Mensa, ispezione a Ceppaloni: esplode il caso del divieto di foto
I genitori denunciano criticità nel lavaggio stoviglie e l'oscuramento delle ispezioni, chiedendo chiarimenti urgenti al Comune.
I rappresentanti dei genitori della Commissione Mensa hanno effettuato un'ispezione presso il centro cottura di Beltiglio di Ceppaloni, scoprendo sul posto un divieto di fotografare e filmare imposto legalmente dalla ditta. Nonostante il regolamento comunale non preveda tali restrizioni, il Comune di Benevento non ha informato preventivamente i commissari, limitando di fatto le loro funzioni di controllo sulla sicurezza alimentare dei pasti destinati agli alunni.
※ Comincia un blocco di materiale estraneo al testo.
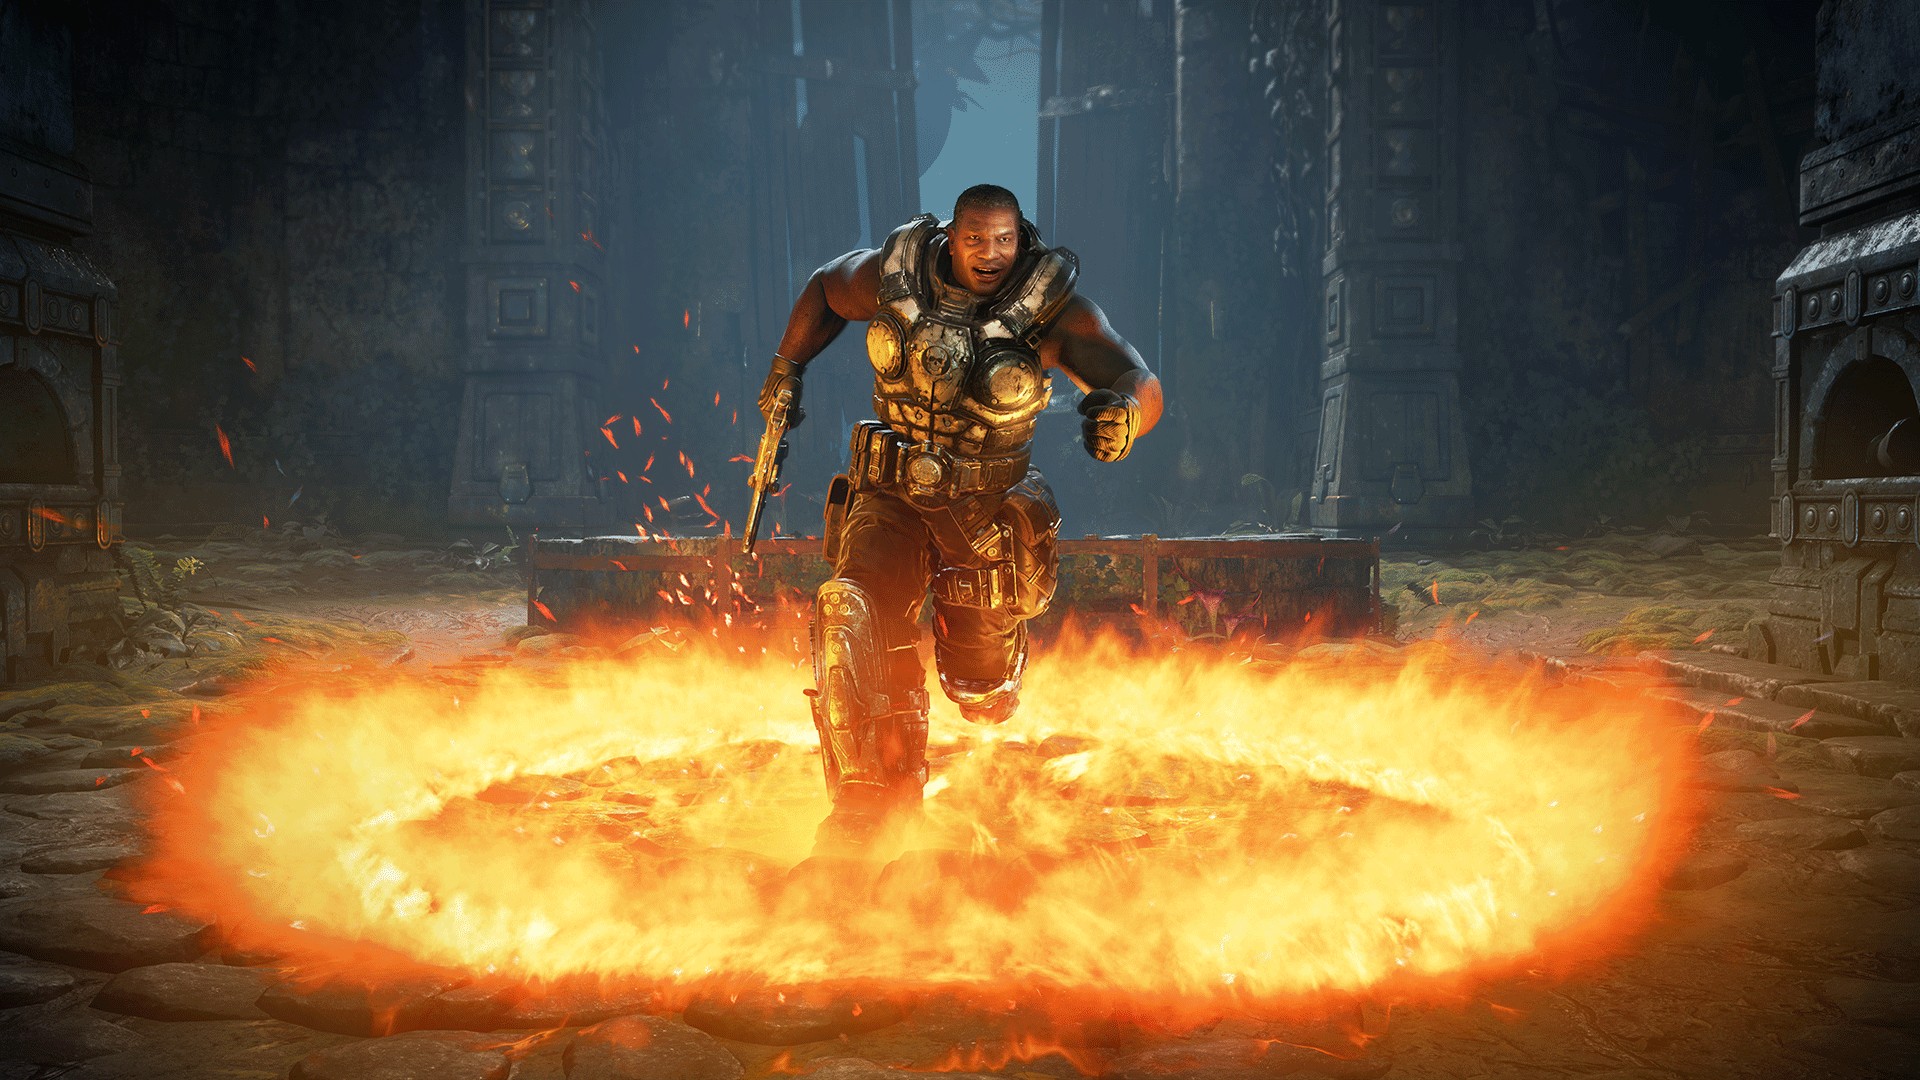 PC players can destroy Xbox One players in Gears of War 4 this weekend

La scoperta della nota legale ha colto di sorpresa i rappresentanti, i quali contestano l'assenza di riferimenti normativi a supporto di tale limitazione e l'ingiustificata mancanza di comunicazione da parte dell'Amministrazione. Durante il sopralluogo è emersa inoltre una grave criticità tecnica nella zona lavaggio, dove la carenza di acqua corrente, causata da pesanti incrostazioni di calcare nelle tubature, costringe il personale a pulire pentole e contenitori Gastronorm con un flusso del tutto insufficiente. Tale situazione appare ancora più allarmante se si considera che problemi analoghi all'impianto idrico avevano già portato alla chiusura del centro da parte dell'ASL nello scorso mese di febbraio.
Il quadro strutturale dell'impianto desta forti preoccupazioni anche alla luce dell'aumento dei volumi produttivi, poiché la struttura serve ora diversi comuni limitrofi oltre a quello di Benevento. L'ASL aveva già sollecitato una revisione del layout aziendale per garantire una corretta separazione tra la cucina dedicata ai celiaci e quella ordinaria, ma ad oggi non sono giunti riscontri ufficiali sull'adeguamento dei locali. I genitori sottolineano come l'attuale gestione degli spazi non sembri più in grado di sostenere il carico di lavoro richiesto, mettendo potenzialmente a rischio l'efficacia dei protocolli igienico-sanitari necessari per la ristorazione scolastica.
I rappresentanti dei genitori ribadiscono con fermezza il proprio diritto e dovere di vigilare sulla salute dei bambini, definendo inaccettabile il silenzio istituzionale che circonda queste segnalazioni. Viene chiesto un intervento pubblico immediato del Comune per chiarire la base giuridica del divieto di ripresa e per fornire risposte concrete sui tempi di risoluzione delle problematiche strutturali. La Commissione assicura che continuerà a utilizzare ogni strumento disponibile per garantire la massima trasparenza, non intendendo tollerare ulteriormente un atteggiamento di disinteresse verso la sicurezza alimentare degli studenti.